なお、ベッド下収納へは車内からもアクセスできる。
空調
家庭用エアコンがオプション設定されている
暖房はFFヒーターがオプション設置されている。また冷房は家庭用エアコンがオプションで装着できる。設置場所はダイネットの上になる。なお、ベンチレーターはダイネット上部に標準装備される。
テレビ/ナビ
特に記述はされていないが、ナビは希望のメーカーのものが取りつけ可能だろう。またテレビも希望に応じて対応できると思われる。
電装系
電装系
105Ahのディープサイクルバッテリー1個と走行充電機能が標準装備される。また、1500Wのインバーターも標準装備される。外部電源入力と、それによるサブバッテリーの充電機能はオプション。
サブバッテリーの増設もオプションで用意されている。また160Wのソーラーシステムもオプションで設置できる。電装系は比較的オーソドックスにまとめられている。
なお、オプションのエアコンを装着する場合は、ディープサイクルバッテリーの増設を行うことをお勧めするが、105Ahが2本でもエアコンを運転できる時間はあまり長くない。外気温などにもよるが、日中ならエアコンだけ運転しても3時間程度と考えられる。

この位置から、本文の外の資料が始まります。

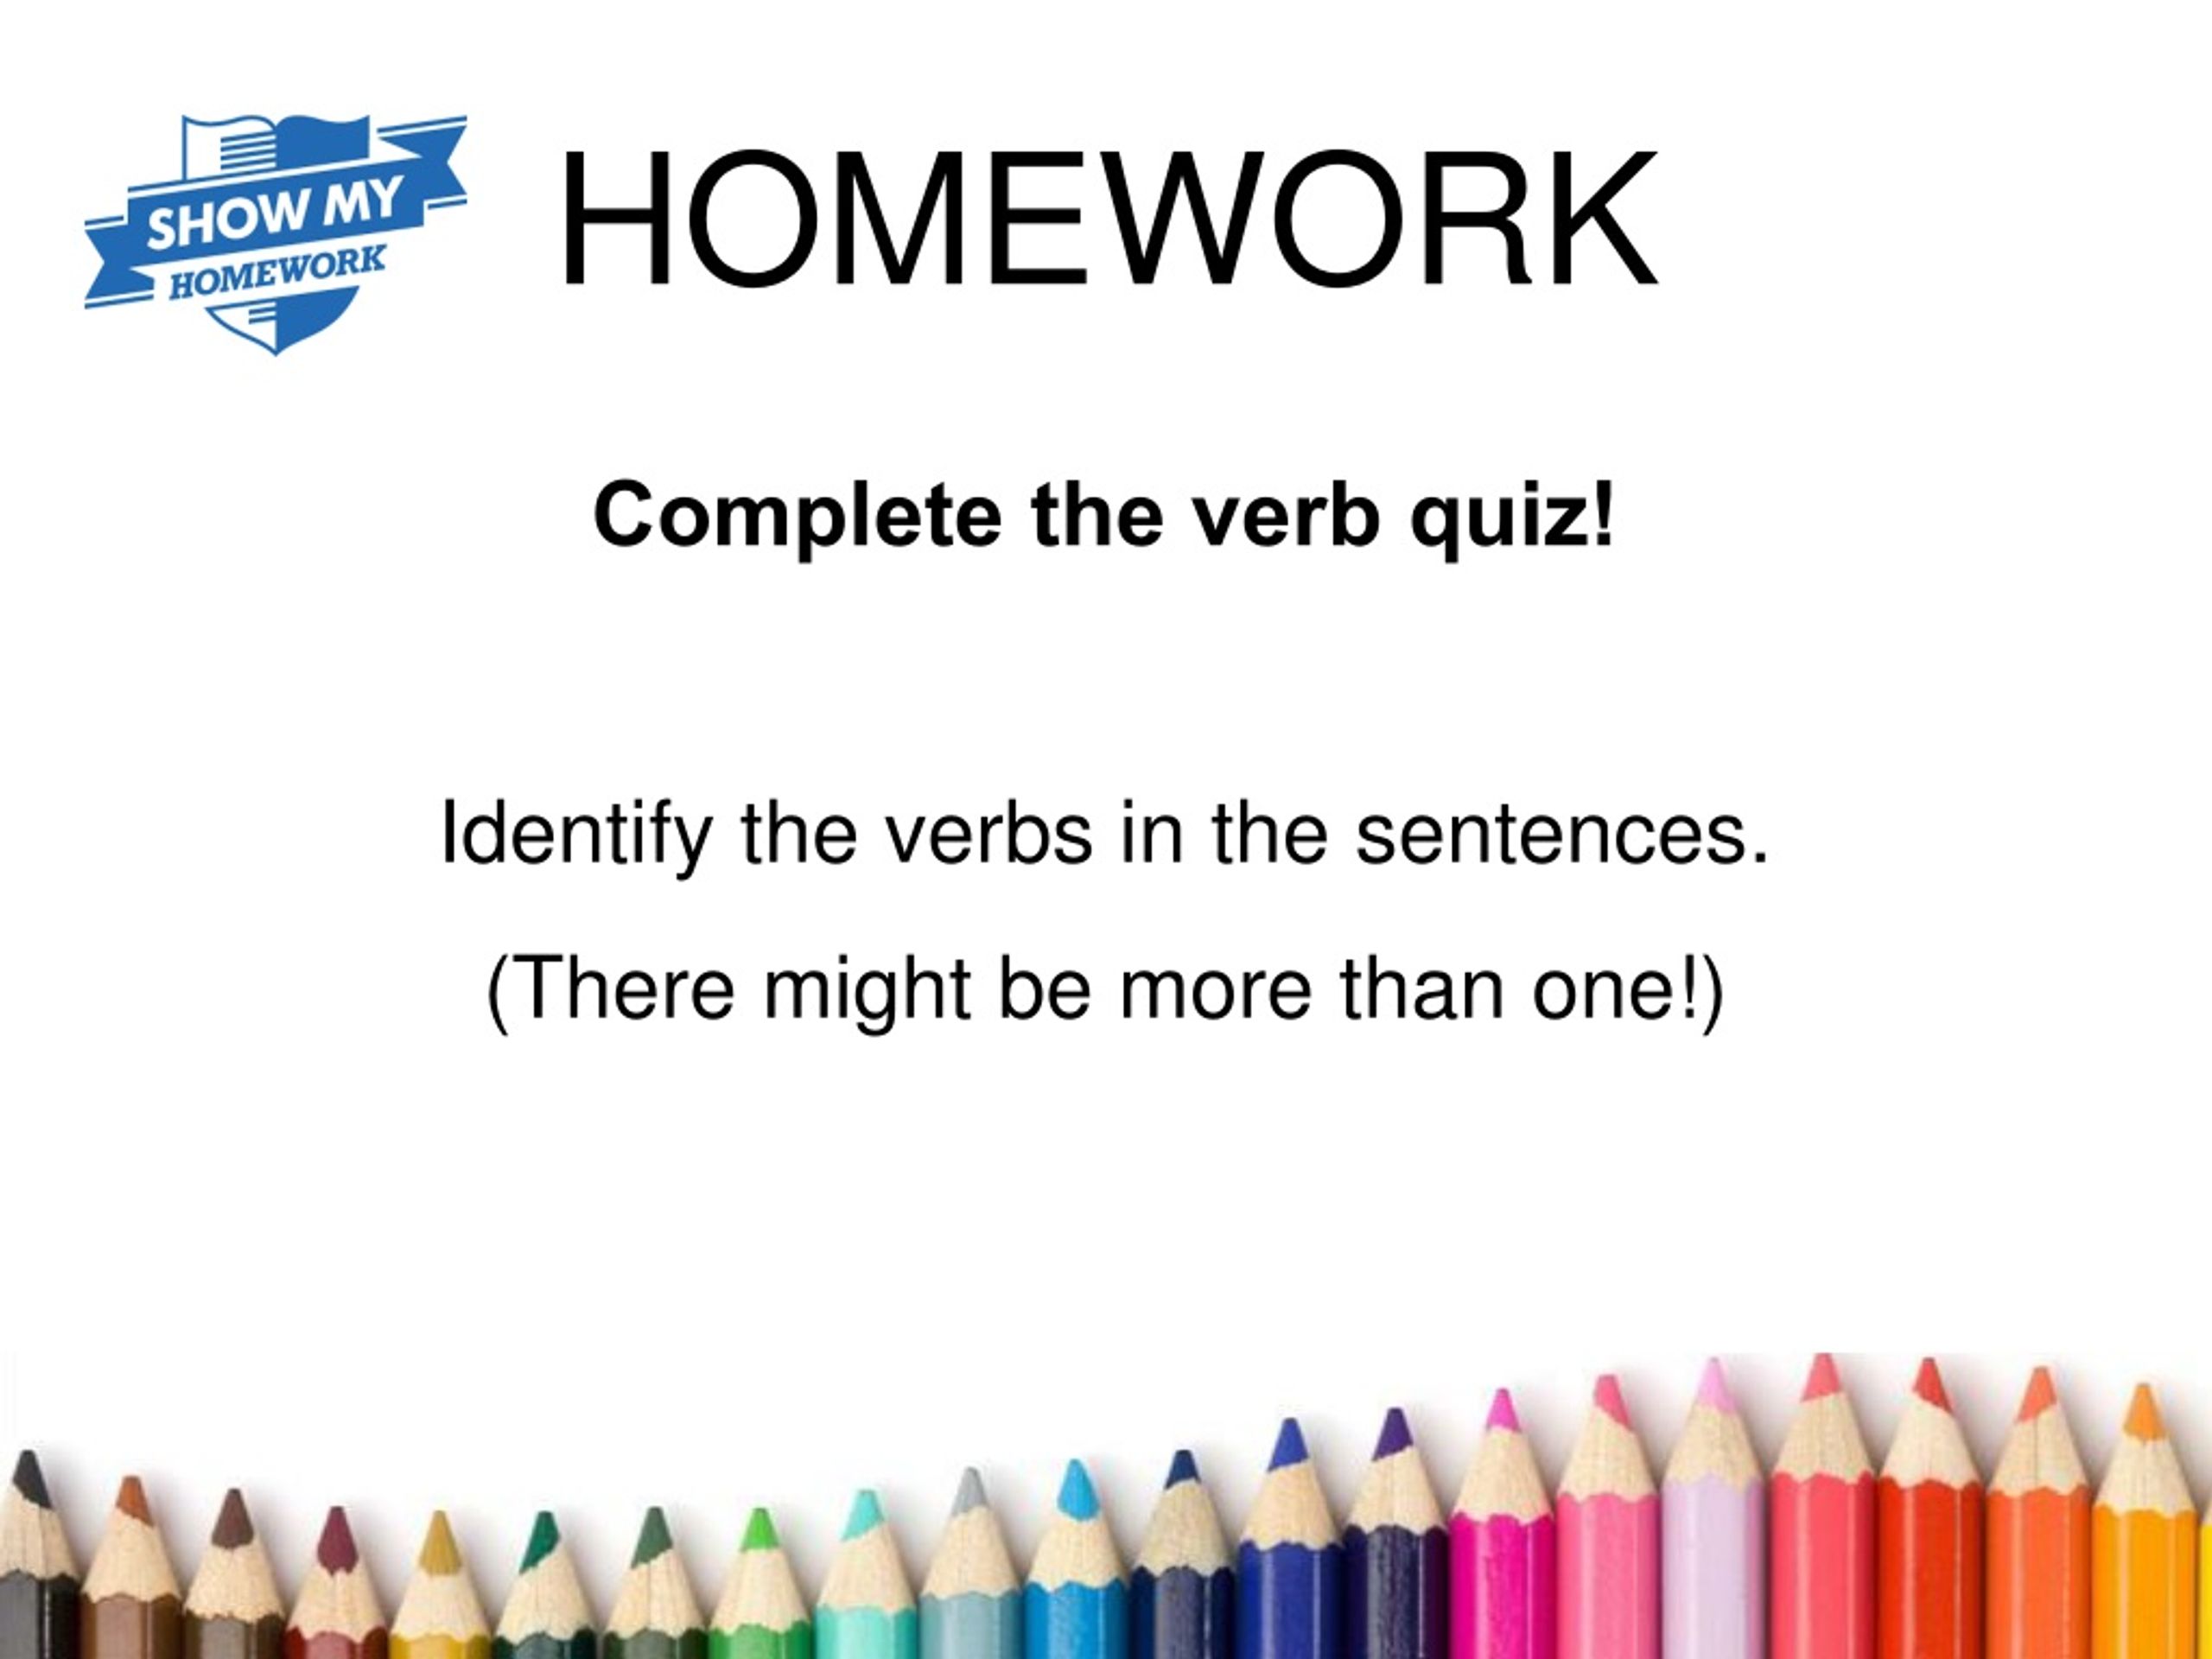 is word homework a verb

同社はリチウムイオンバッテリーをオプション設定していないが、炎天下の日中もエアコンを長時間使う可能性があれば、やはりリチウムイオンバッテリーが望ましい。リチウムイオンバッテリーを中心にした急速充電システムや大容量ソーラーシステムが期待される。
価格(2021年4月現在:千円台切り上げ:税込)
DXグレード2WD/6ATで792万円~。なお同社はサイトで価格を表示していないため、最新の価格は同社にお問い合わせいただきたい。(この価格は2021年4月時点のもの)
付けておきたいオプションは、外部電源入力と充電機能(30,800円)、FFヒーター(価格不明)が挙げられる。
また予算があればお勧めしたいオプションは家庭用エアコン(220,000円)、160Wソーラーシステム(価格不明)、キーレス連動エントランスドア(55,000円)がある。
他モデル
ハイエーススーパーロングをベース車にするキャブコンは、RVビックフットのACSプルミエM5.7(894万円~)、カトーモーターのディースクエア(1188万円~)、ダイレクトカーズのモビリティホーム(933万円~)がある。
またハイエースワイドミドルをベース車にしたキャブコンで5mを超えるモデルはファンルーチェのパタゴニアとセレンゲティ525、RVトラストのTR500 C-LHがある。
これらのうち、最もトムタンデムにコンセプトが近いのはモビリティホームだ。これも2列目シートに3人掛けマルチモードシートを配置し、7名全員が前向き乗車でき、6名が就寝できる。また家庭用エアコンと2400Whリチウムイオンバッテリーが標準装備されるのはモビリティホームの優位点だ。価格はもちろんトム
タンデムより高価だ。
まとめ
トム タンデムはファミリーで使えるハイエースベースのフルサイズキャブコンで、このカテゴリーは他モデルを含めモデル数は少ない。特に全員が前向き乗車できるのは上記のように2モデルしか存在しない。
また、アルミ製シェルを纏った軽快なスタイリングと、このカテゴリーにしては比較的小ぶりなボディもトムタンデムの魅力だ。さらに価格も上記のモデルと比べて安価なのも嬉しい。
このようにトムタンデムはファミリー向けのハイエースキャブコンとしてお勧めできるモデルで、もちろん二人旅でも使用できる。家庭用エアコンも搭載できるようになったので、従来の弱点は解消され有力な選択肢になった。
弱点があるとすると、それは電装系だ。リチウムイオンバッテリーのオプション設定は最も欲しいところだが、それに伴い、昇圧型走行充電、大容量ソーラーシステムも必要となる。もちろん価格は高くなるが、選択肢があることがメリットになる。